BC Consumer Debt Highest In The Country, Up 6.2% YOY – “In a city where this house is assessed for more than $1.3 Million, it’s understandable why some British Columbians feel rich. But what if prices fall?”

“In a city where this house is assessed for more than $1.3 Million, it’s understandable why some British Columbians feel rich. More than any other province, people here have been borrowing against their homes, running up lines of credit, and credit card debt. …
The average British Columbian has $38,837 in consumer debt, that’s an increase of 6.2% compared with a year ago. And it doesn’t even include what they may owe on their mortgage. And what have they been spending it on… renovations, and tearing down and starting from scratch. And vehicles.. lots of vehicles.. sales of luxury cars have seen double digit increases.
But what if prices fall? Neighbourhoods like Vancouver’s West Side have already seen that happen, and sales have slowed down considerably just about everywhere.”

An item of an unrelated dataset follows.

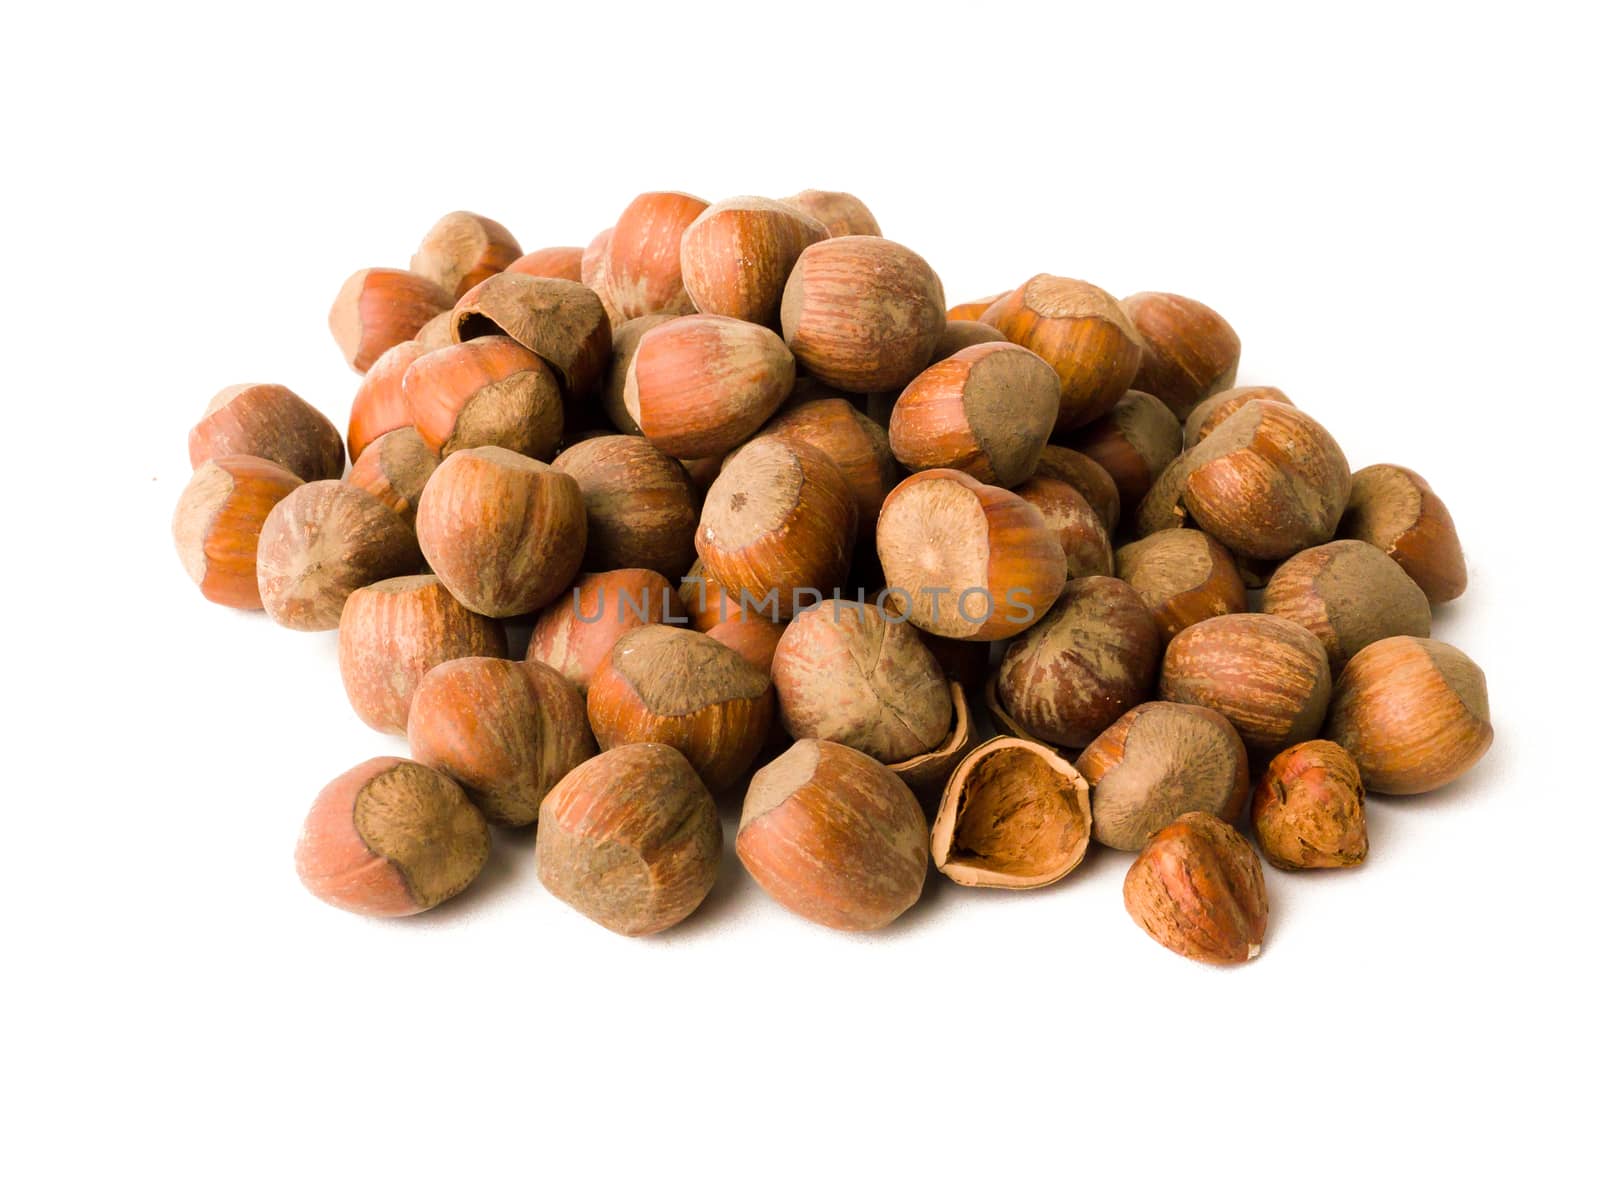 Pile of hazelnuts isolated on white.

– from ‘B.C. personal debts increase sharply’, CBC, 14 Nov 2012

Yup.
See what’s happening?
Concerns long held by the bears are rising in public consciousness.
– vreaa

13 responses to “BC Consumer Debt Highest In The Country, Up 6.2% YOY – “In a city where this house is assessed for more than $1.3 Million, it’s understandable why some British Columbians feel rich. But what if prices fall?”

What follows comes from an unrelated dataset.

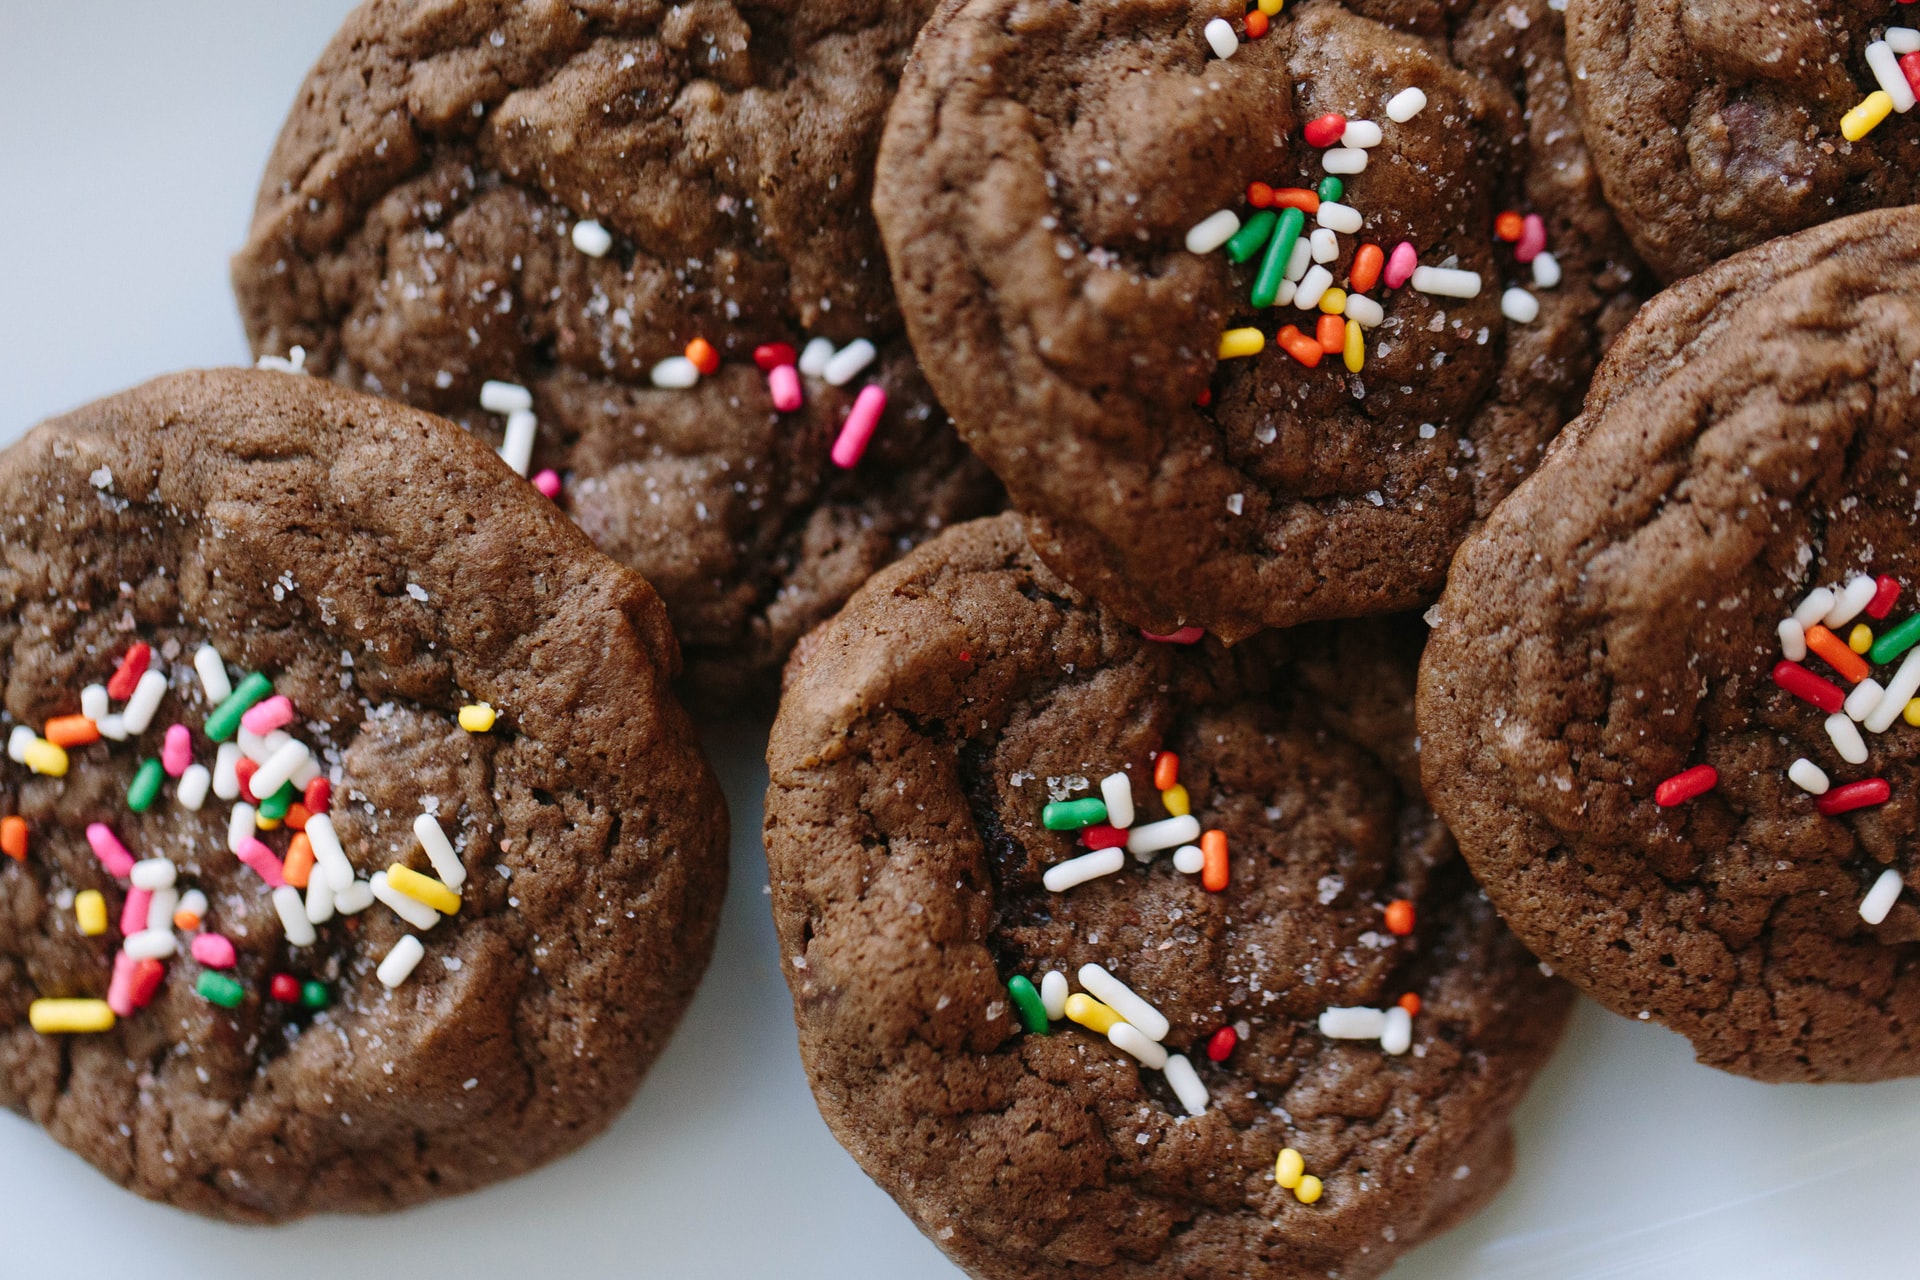 cookies al cioccolato e zenzero

  1. “But what if prices fall?” – we sell the whole mess to China, with a big banner: Welcome criminals!

  2. Real Estate Tsunami

    Why worry, Capital Direct and Alpine Credit will lend you the money that you always wanted for 18%.
    So buy the new car, and go for the dream vacation.
    You can always pay it back, because your RE will continue to go up by at least 10% each year.

  3. I read a good news story on that Tampa “socialite” Jill Kelley, who is involved in that Petraeus mess. I guess she lives in a 1.3M mansion (ha! that’s only average in Vancouver), but her and hubby keep getting sued for unpaid debts. The Kelleys were discribed as “Nillionaires”… people who appear to have the lifestyle of Millionaires with close to nil net worth. I was thinking the Lower mainland is full of Nillionaires. I guess the Nillionaire’s rallying cry is “All Flash, No Cash”.

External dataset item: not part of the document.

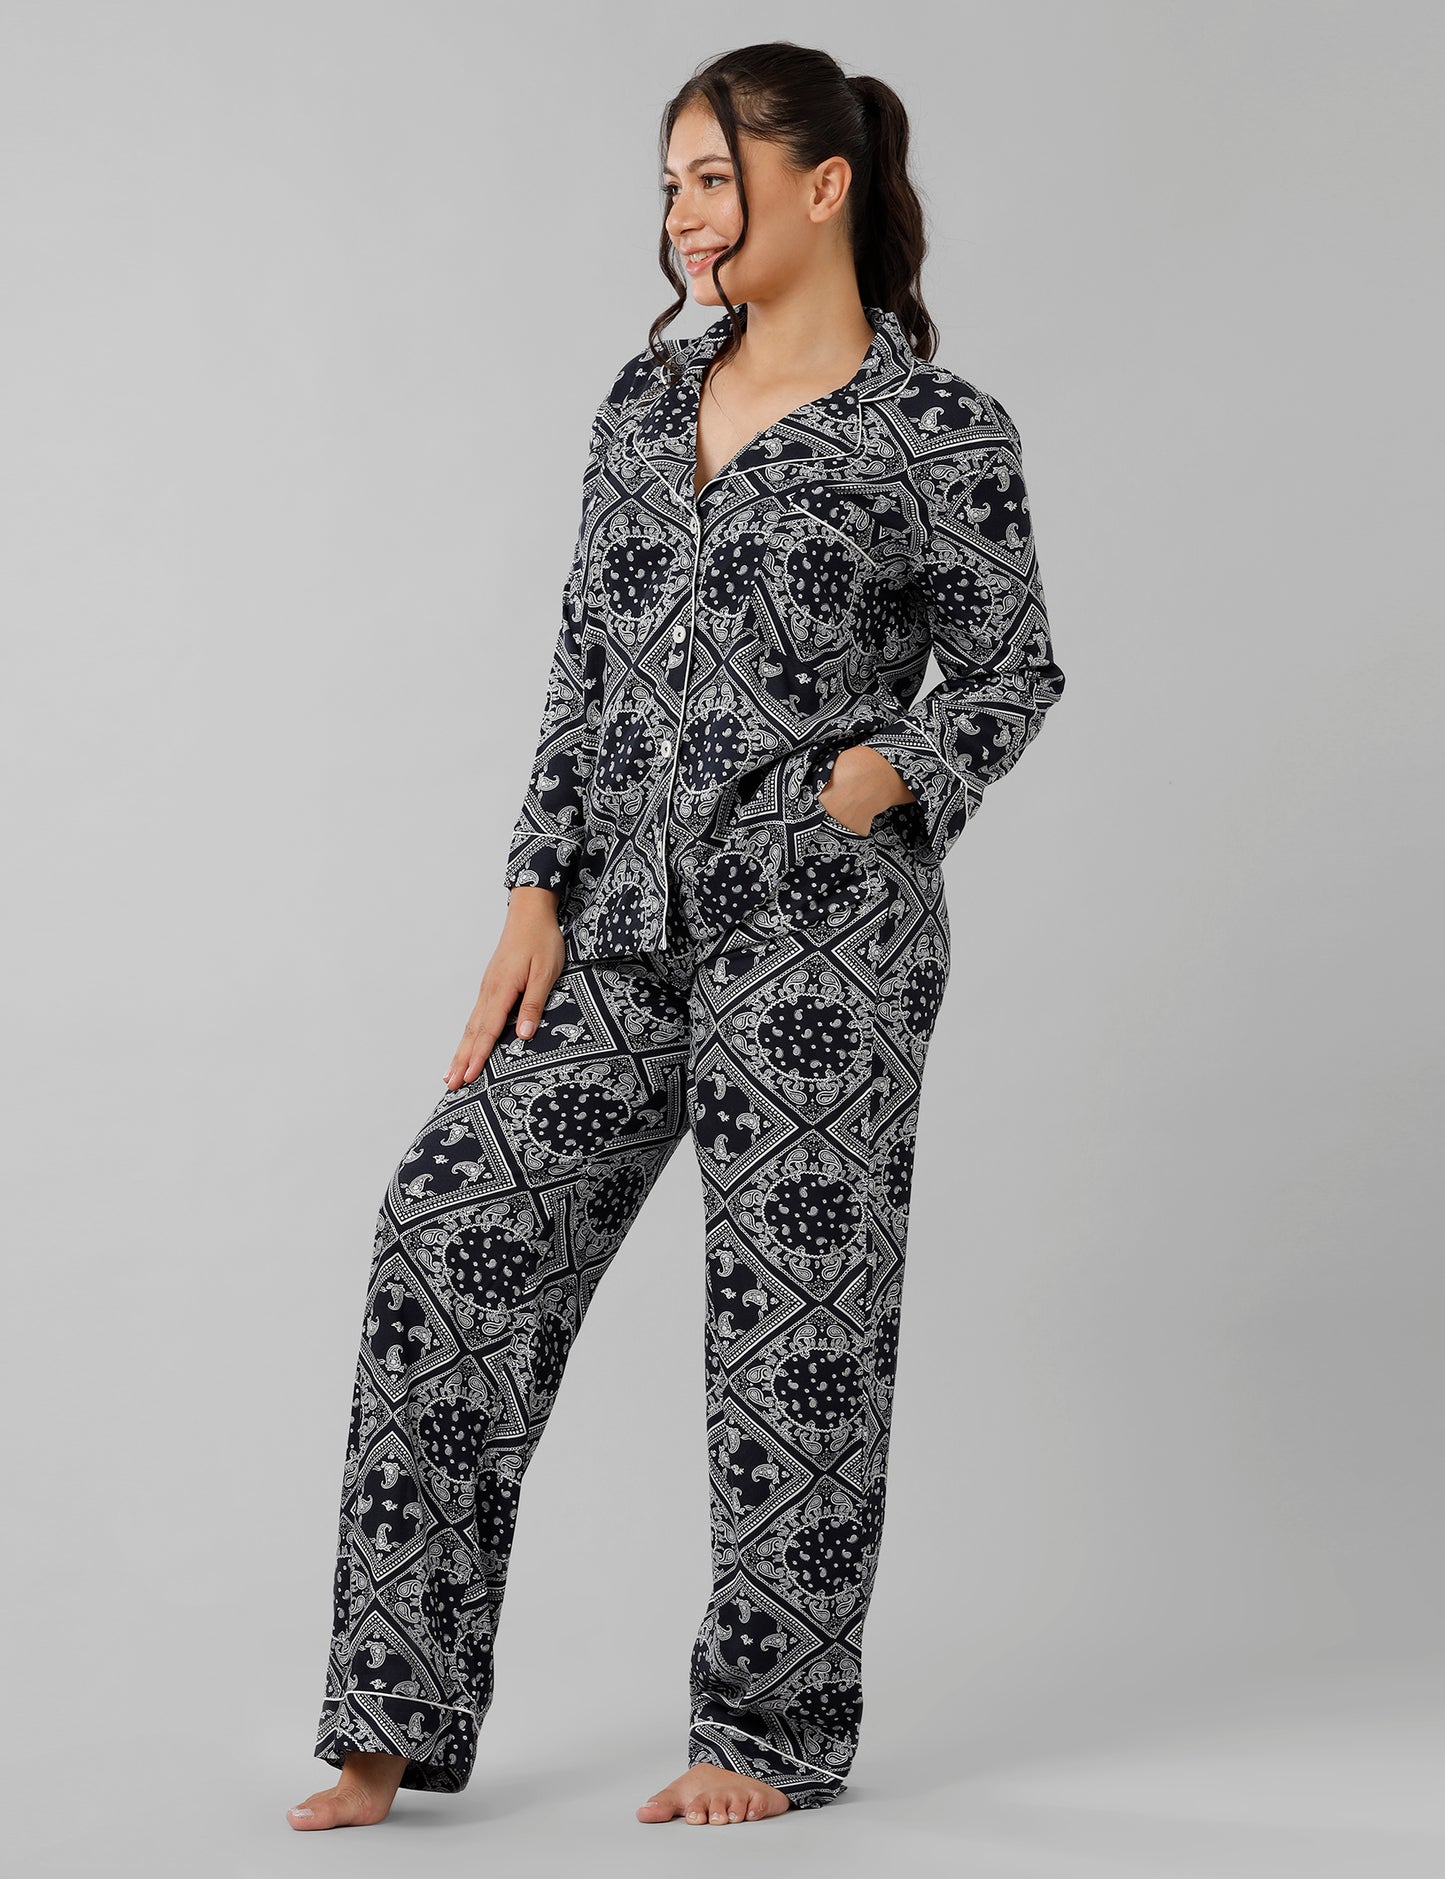 Bandana Pajama Set

  4. BPOE has a solid state taste of word about it, don’t you think, old chap?

    Not tinny like renter or hourly wage eeeeeeeeeeeeeeekkkkkk

  5. Next they’ll be coming up with new lexicon for securitized debt that isn’t securitized.

    So much hangs on the premise that prices cannot (significantly) fall.

    • One of my favourites from the GFC is “pier loan,” intended as a bridge loan, i.e. high cost, short term financing until an asset is sold or more favourable financing can be arranged. Alas, sale or refinance becomes impossible, leaving both the borrower and lender stuck in a loan they didn’t want. A pier is a bridge to nowhere, folks.